- [WHAT YOU SHOULD DO] An exact transcription is needed of the lines below from the one with "2019 Ford Mustang Bullit 7" through the one with "Ilha de Mocambique Fisherman", with no other lines and no pictures.

- [MATERIAL TO PROCESS]
━━━━━━━━━━━━━━━━

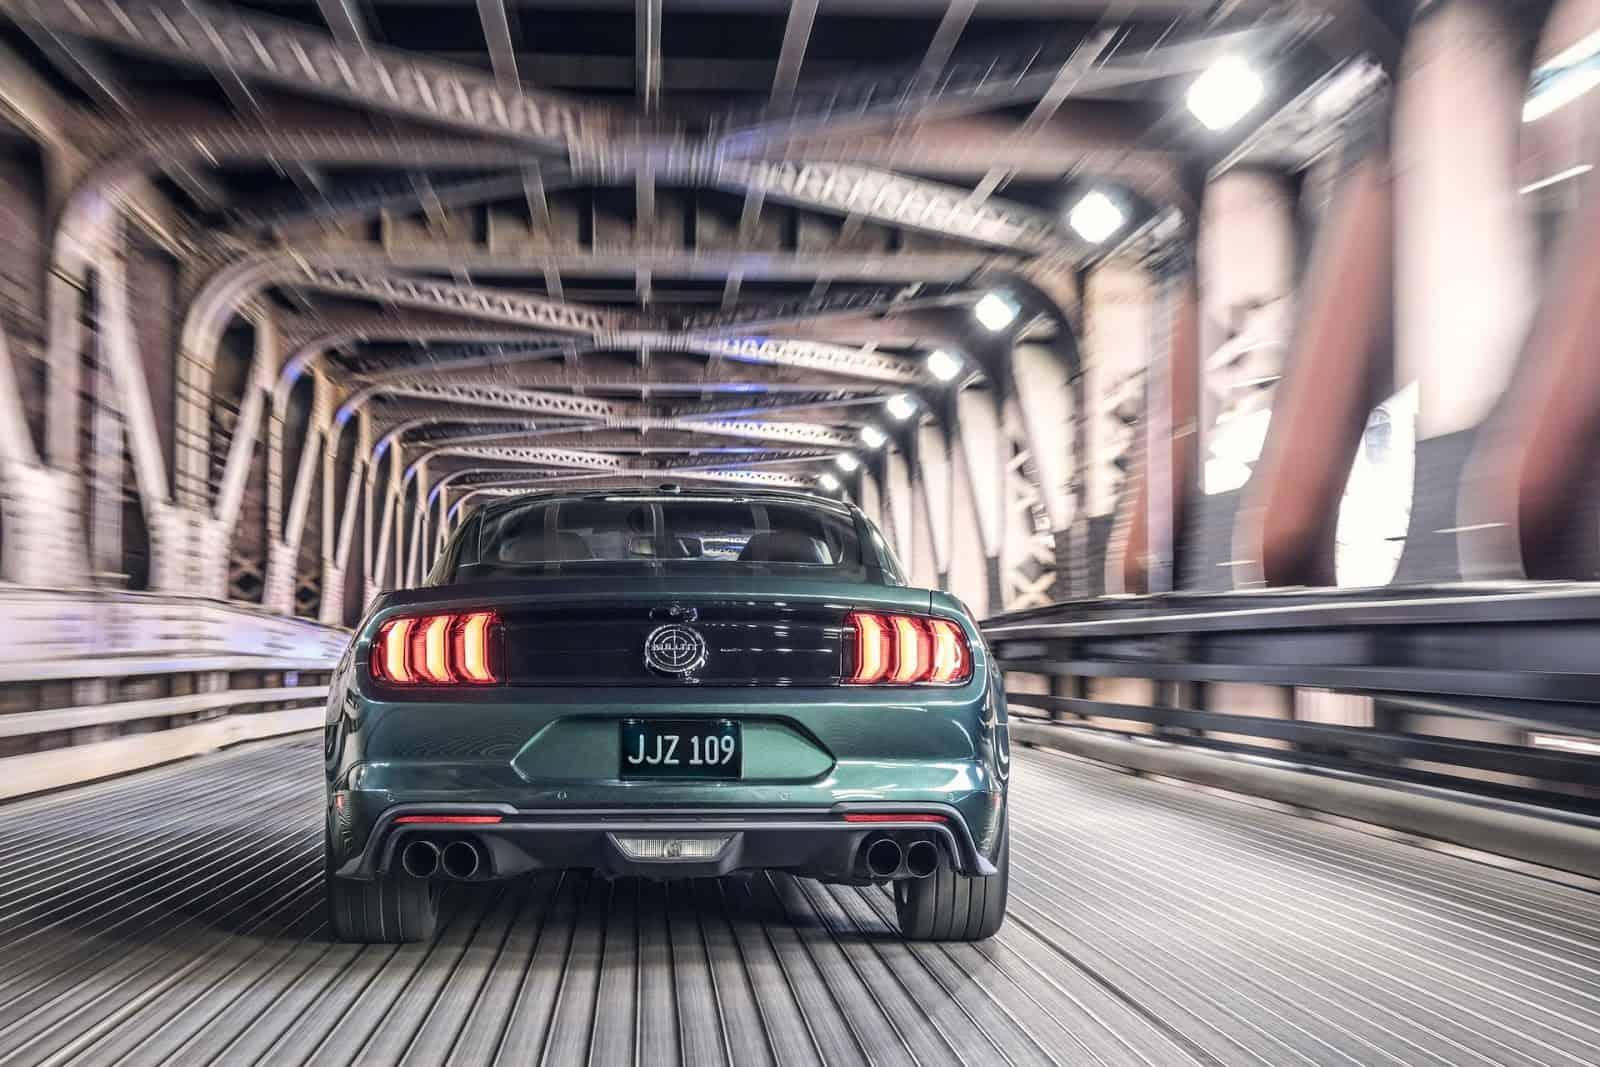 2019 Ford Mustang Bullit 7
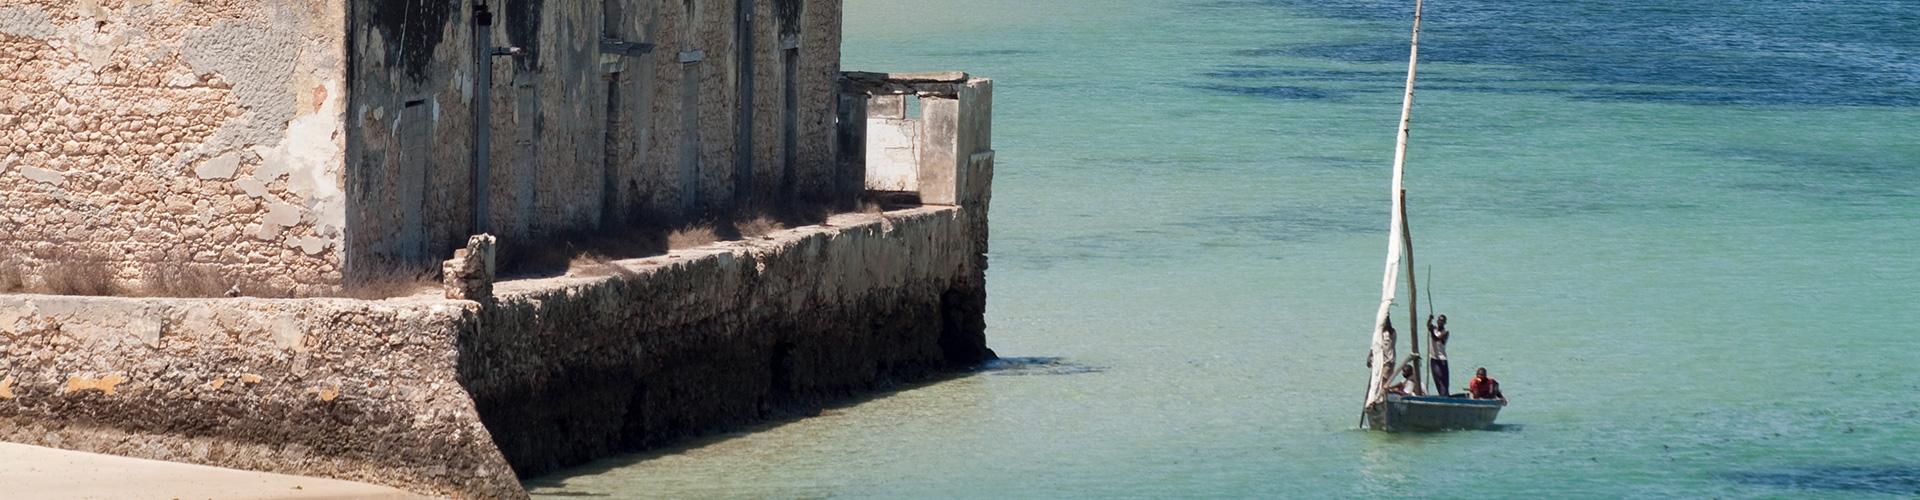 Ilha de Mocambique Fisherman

━━━━━━━━━━━━━━━━

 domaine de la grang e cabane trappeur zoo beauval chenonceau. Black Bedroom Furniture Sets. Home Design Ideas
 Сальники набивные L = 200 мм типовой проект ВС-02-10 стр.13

━━━━━━━━━━━━━━━━

- [EXERCISE ANSWER]
 2019 Ford Mustang Bullit 7
 Ilha de Mocambique Fisherman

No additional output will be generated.